The seven Lewis and Clark NHLs are among several dozen national historic landmarks in Montana. Some of the Lewis and Clark landmarks are more accessible than others, but as a group they underscore the extensive explorations of the Corps of Discovery in the state. The Lewis and Clark National Historic Trail Interpretive Center operated by the United States Forest Service at Great Falls provides information about the Great Falls Portage NHL. Three Forks of the Missouri NHL is central to the 560-acre Missouri Headwaters State Park, three miles off Interstate 90 near the town of Three Forks. Lemhi Pass NHL on the Montana-Idaho border is in the Beaverhead-Deerlodge National Forest in Montana and Salmon National Forest in Idaho. Traveler's Rest near Lolo on U.S. Highway 93 is a state park managed by the Travelers' Rest Preservation and Heritage Association. U.S. Highway 12 follows parts of the Lolo Trail NHL from Traveler's Rest to Lolo Pass; the trail is part of the Nez Perce National Historical Park. Camp Disappointment NHL, inaccessible to the public, is about twelve miles northeast of Browning on the Blackfeet Reservation. A highway marker and roadside monument beside U.S. Highway 2 at mile post 233 commemorate the site.

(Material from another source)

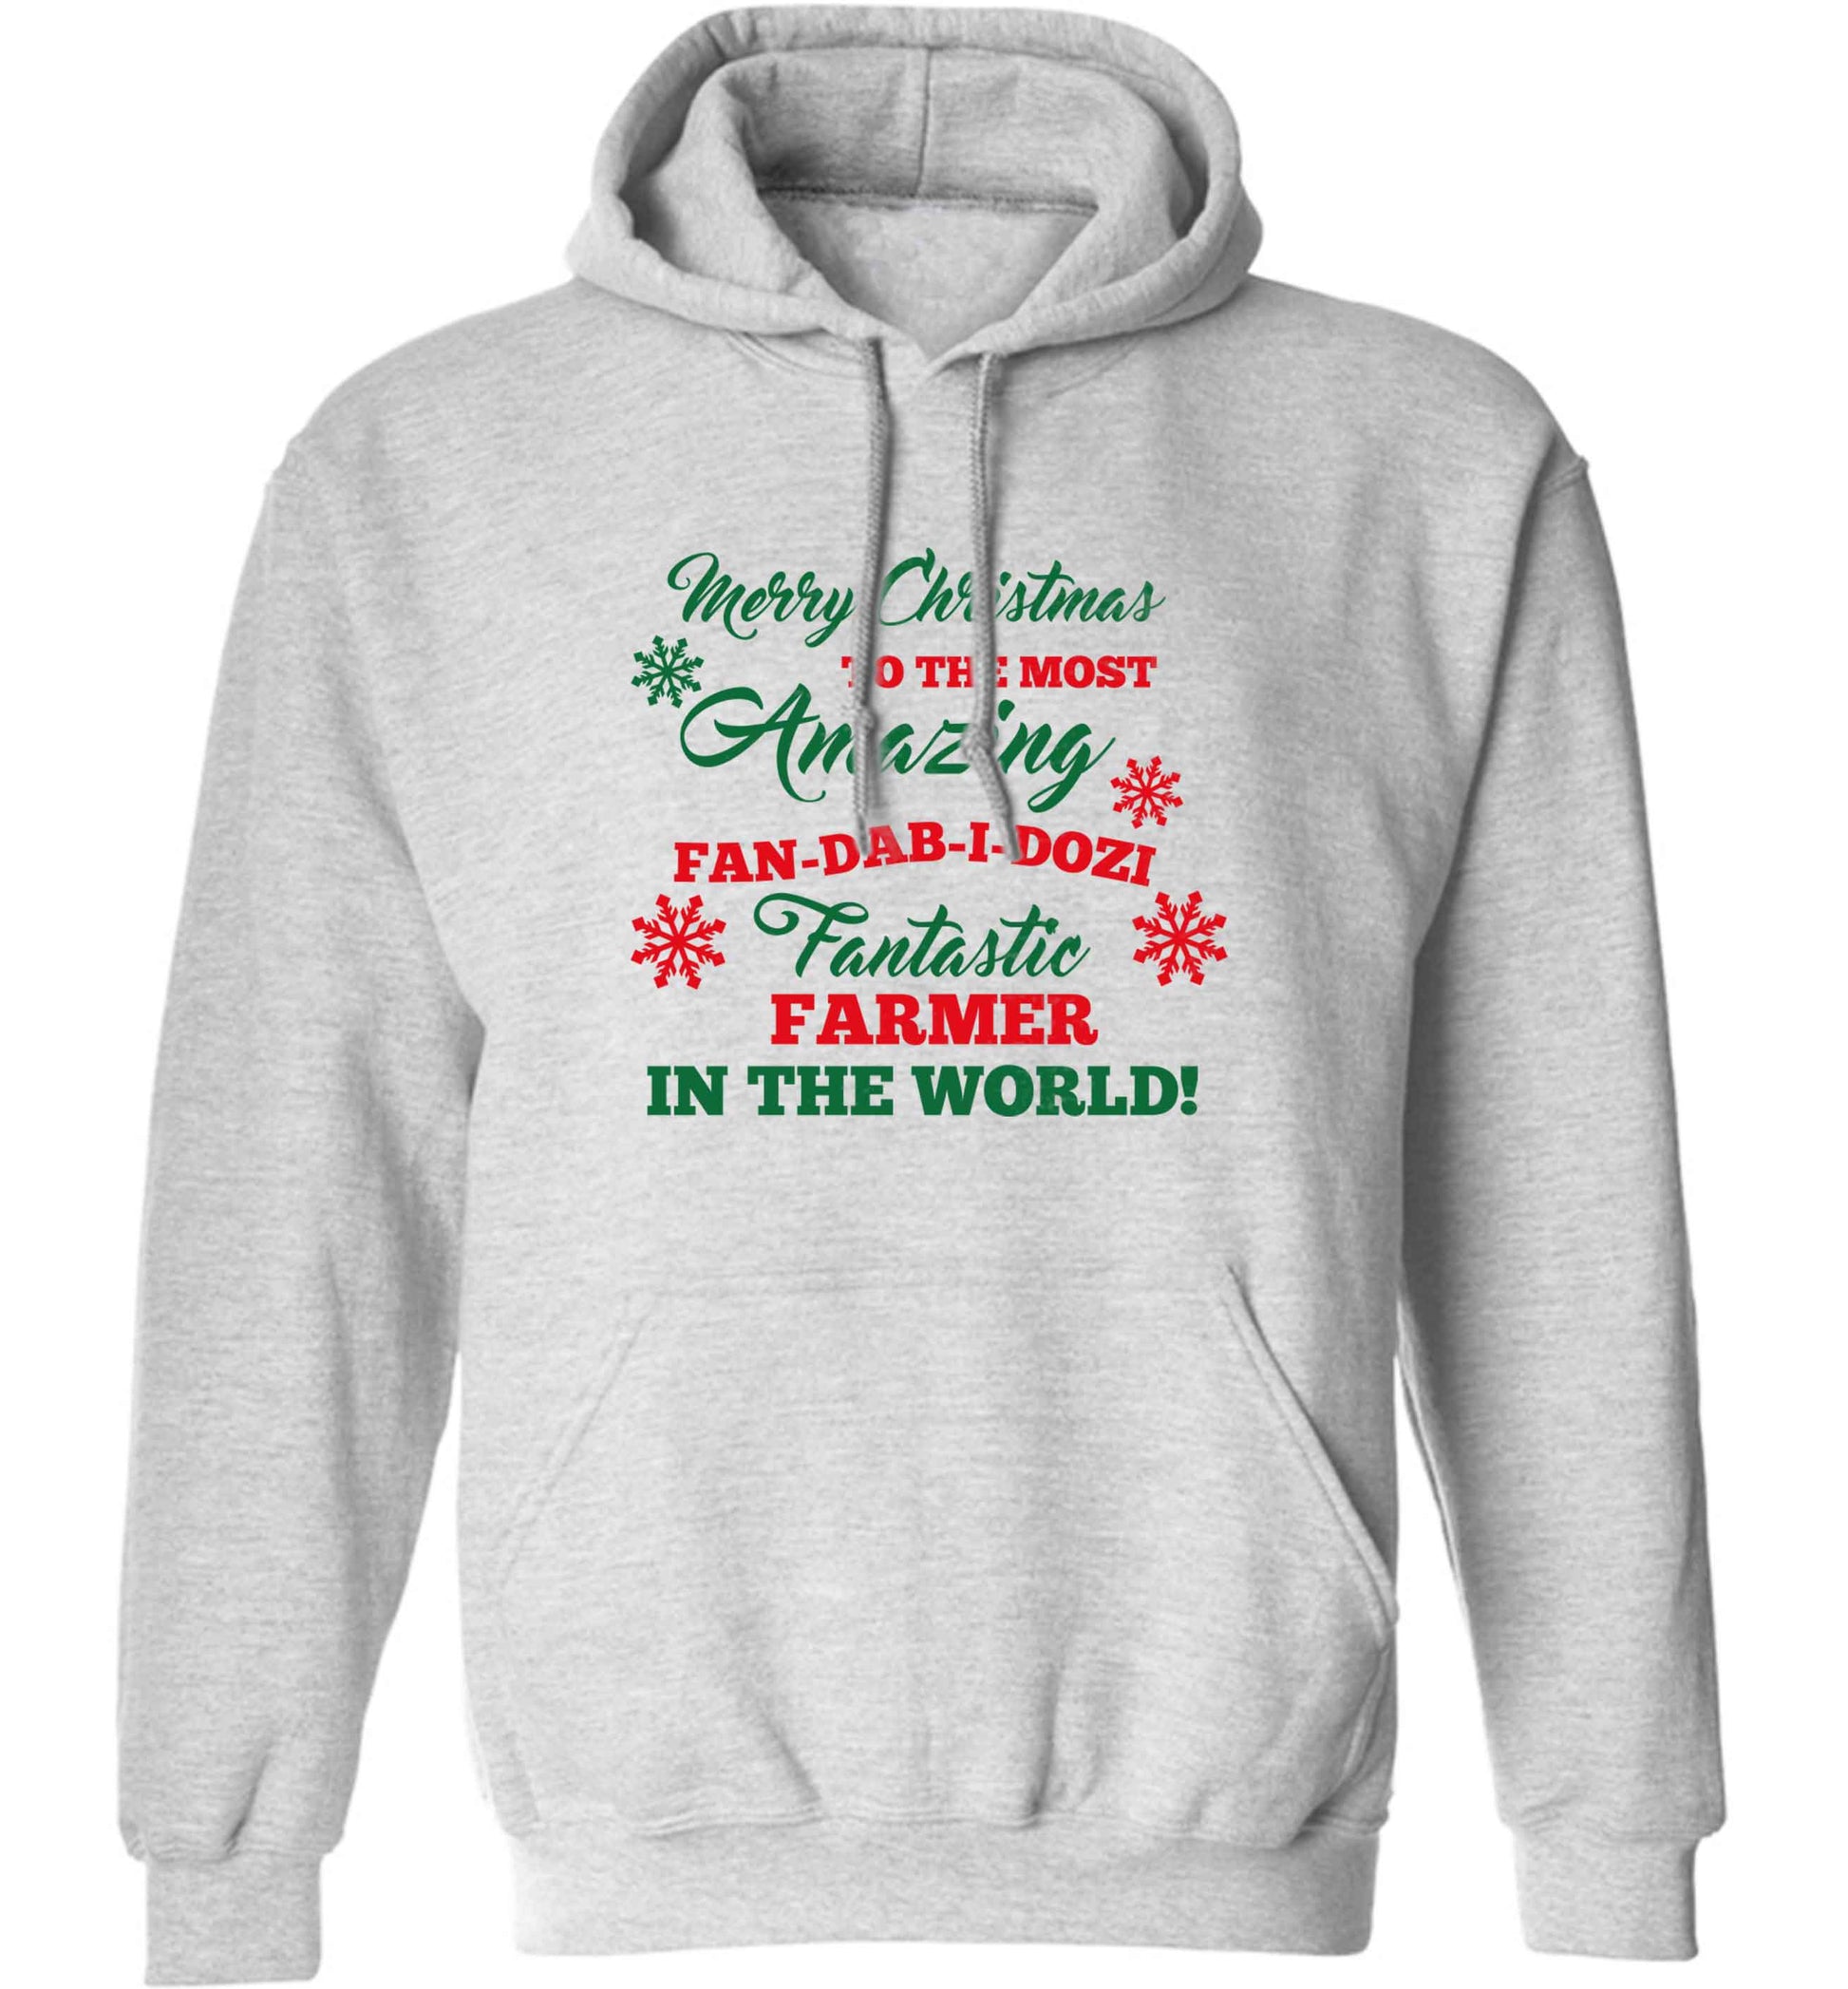 Merry Christmas to the most amazing farmer in the world! adults unisex grey hoodie 2XL

Pompeys Pillar NHL and National Monument, managed by the Bureau of Land Management, is about thirty miles east of Billings on Interstate 94.

ELLEN BAUMLER is interpretive historian at the Montana Historical Society.

1. Gary E. Mouton, ed., The Journals of the Lewis and Clark Expedition, 13 vols. (Lincoln, 1983-2001), 4:283-85.
2. Ibid., 4:435.
3. Book of Mormon, Mosiah 5:8; Dillon (Mont.) Daily Tribune, June 10, 1969.
4. Mouton, ed., Journals, 5:188.
5. Ibid., 5:209, 245.
6. Ibid., 8:255.

The Lewis and Clark Expedition's two-month journey from their Mandan village winter quarters proved easy compared to the eighteen-mile portage the party would undertake to by-pass the Great Falls of the Missouri. F. Jay Haynes photographed the falls (above) in 1880.